Please copy the data below exactly; none of the pictures in it belong in the copy.

# GIVEN MATERIAL:
◆ ◆ ◆
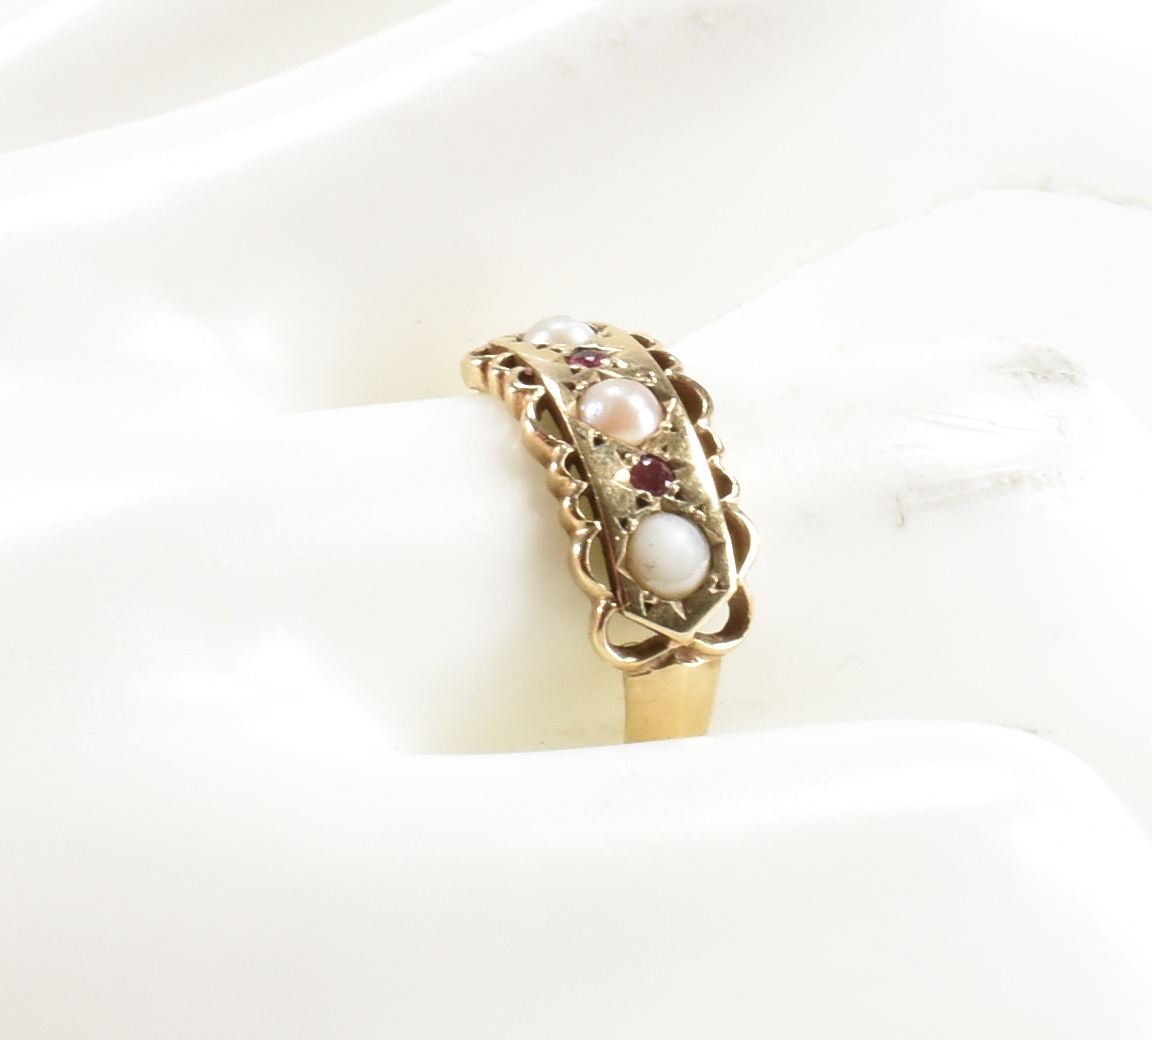 HALLMARKED 9CT GOLD RUBY & CULTURED PEARL RING - Image 7 of 7
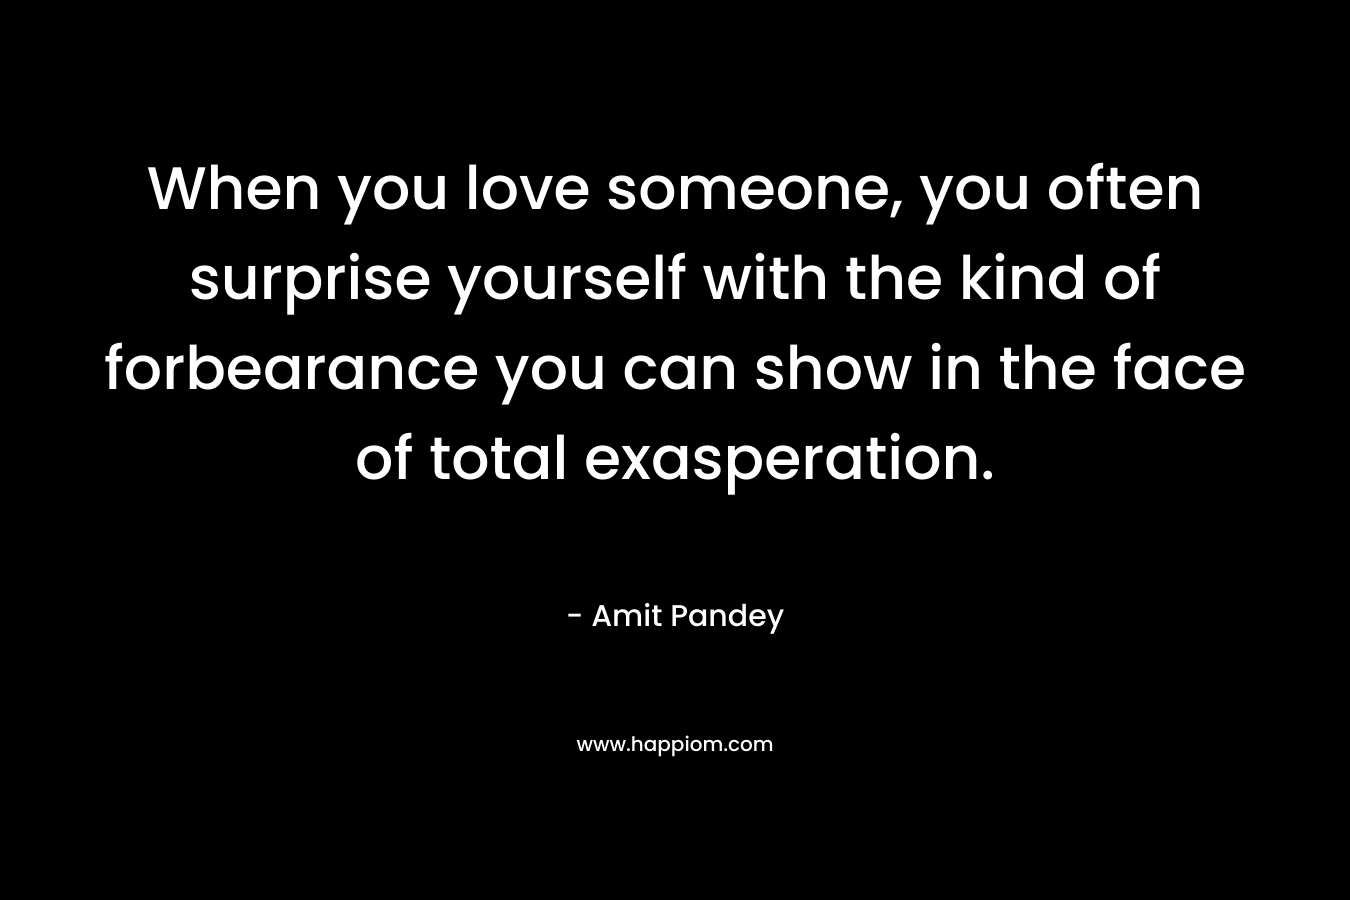 When you love someone, you often surprise yourself with the kind of forbearance you can show in the face of total exasperation.
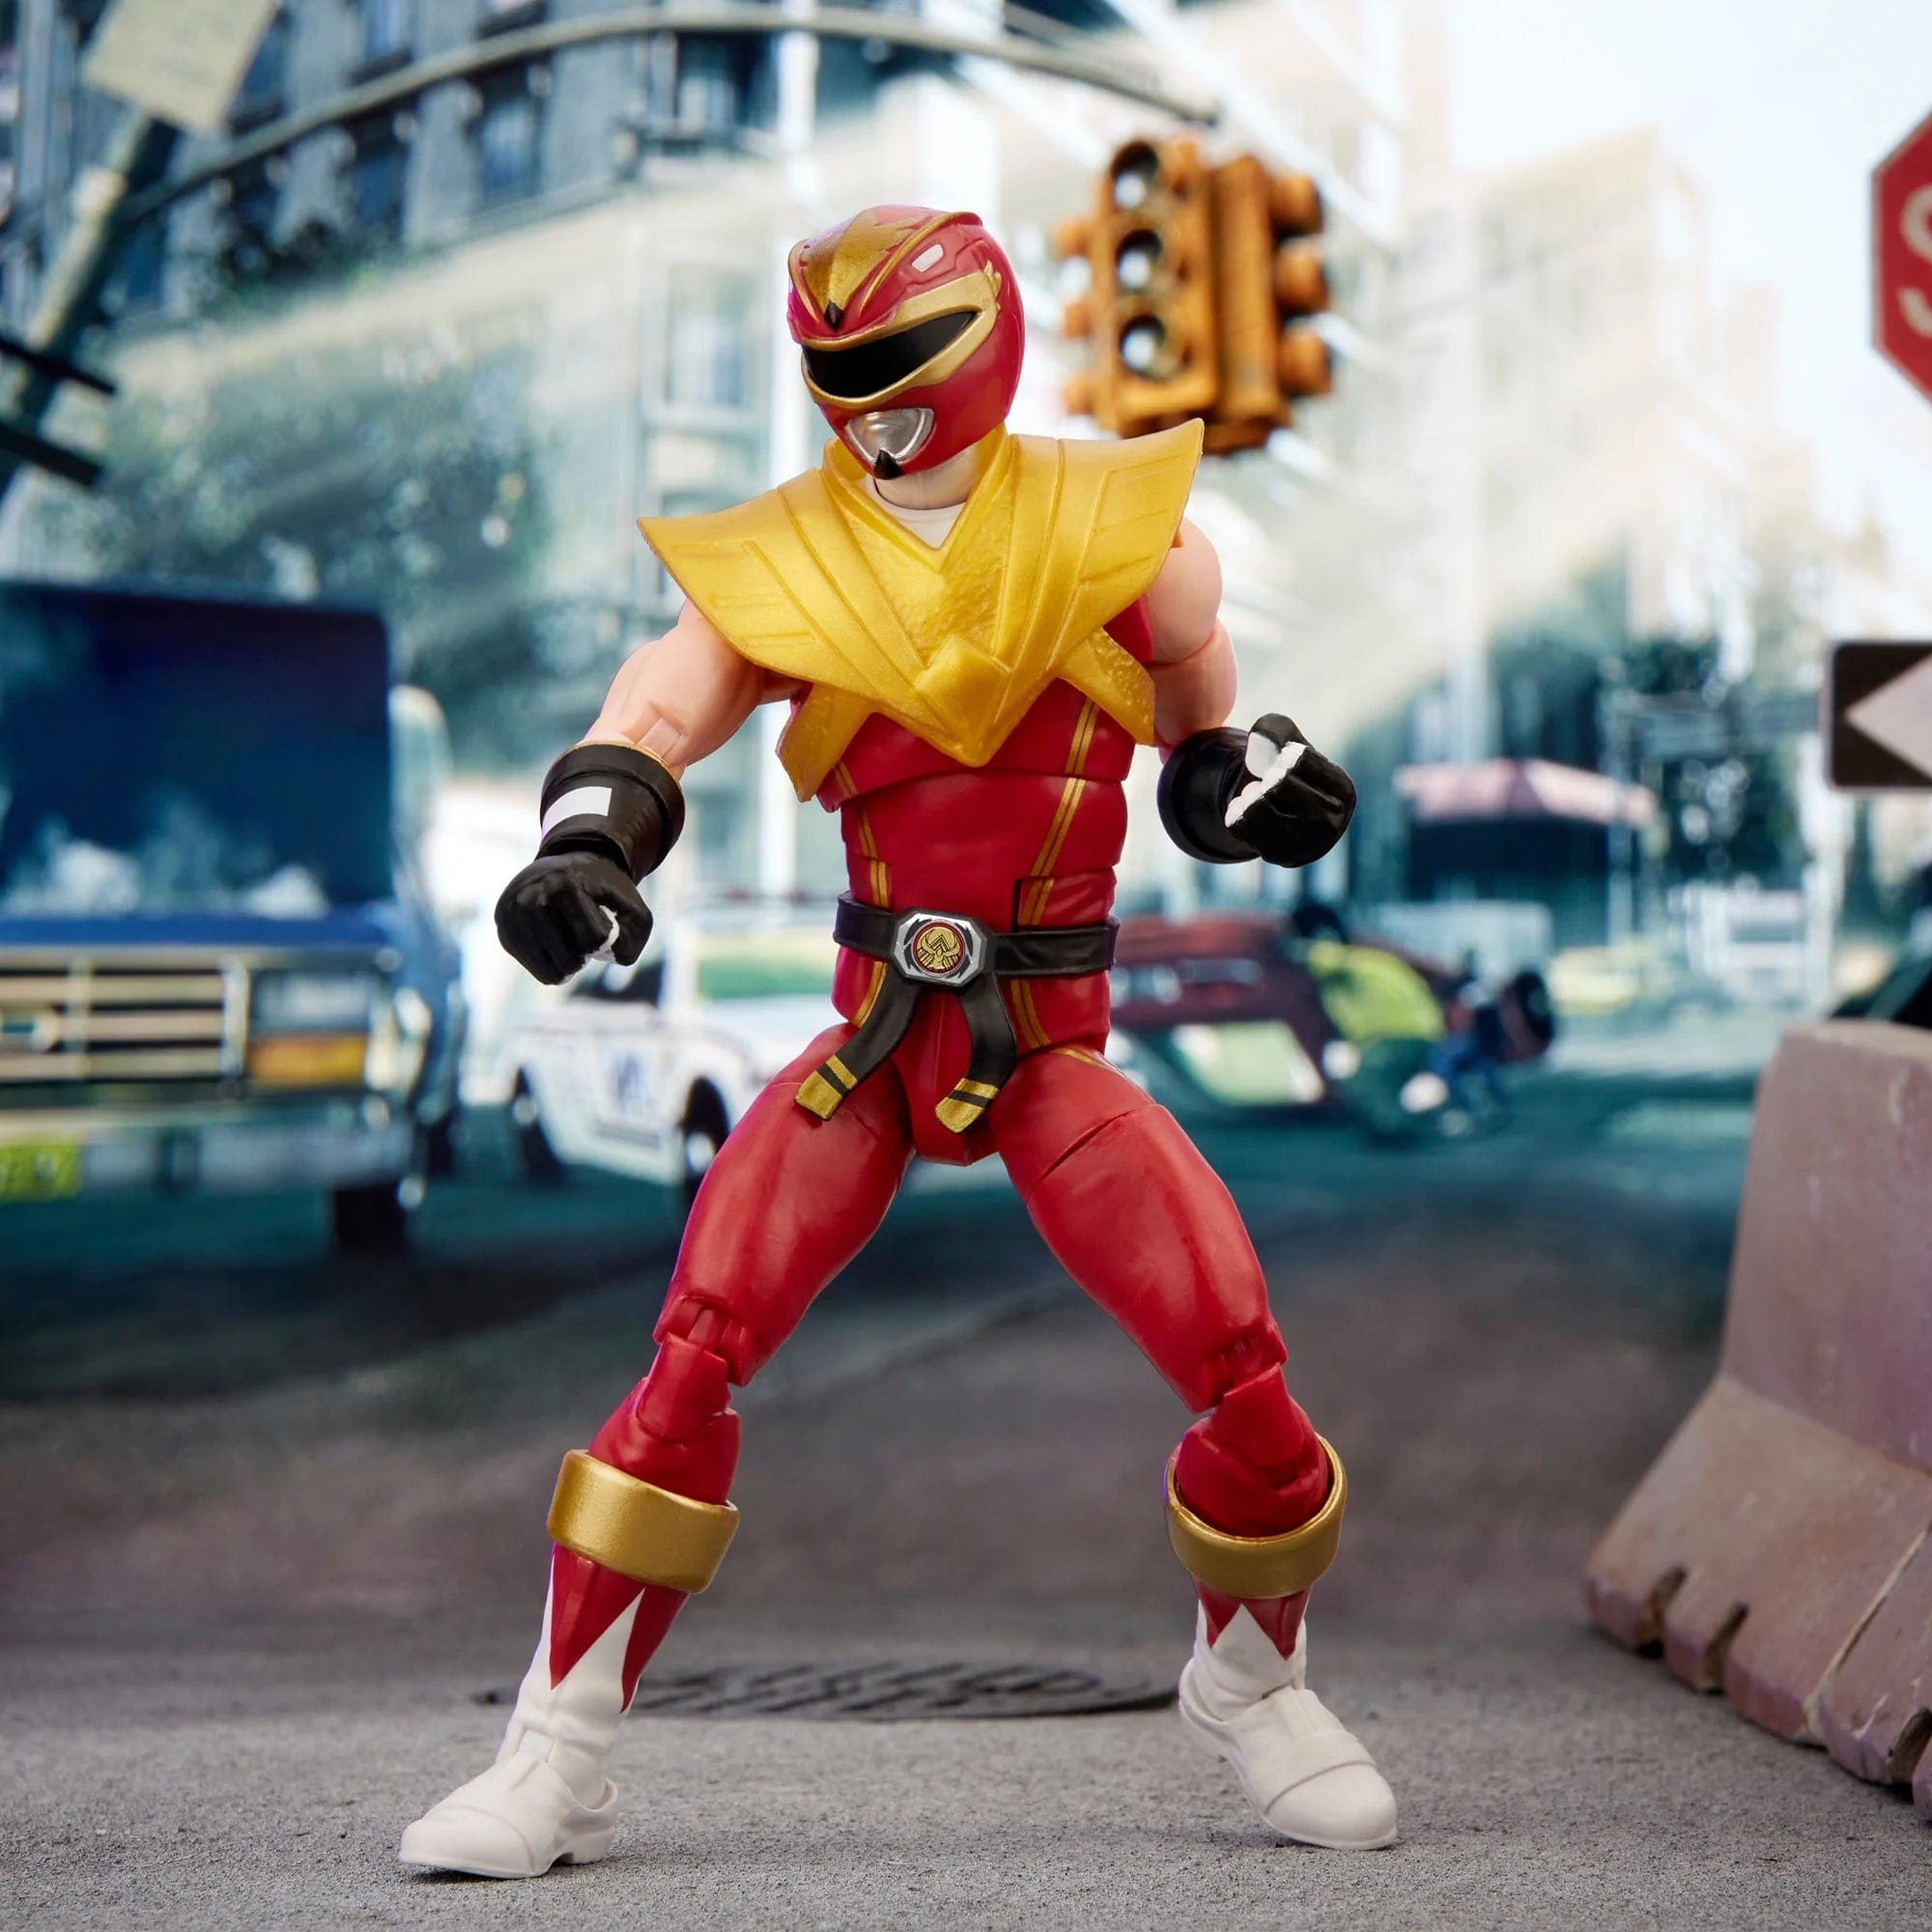 Power Rangers X Street Fighter Lightning Collection Morphed Ken Soaring Falcon Media Fight
◆ ◆ ◆
# WRITTEN RESPONSE:
 HALLMARKED 9CT GOLD RUBY & CULTURED PEARL RING - Image 7 of 7
 When you love someone, you often surprise yourself with the kind of forbearance you can show in the face of total exasperation.
 Power Rangers X Street Fighter Lightning Collection Morphed Ken Soaring Falcon Media Fight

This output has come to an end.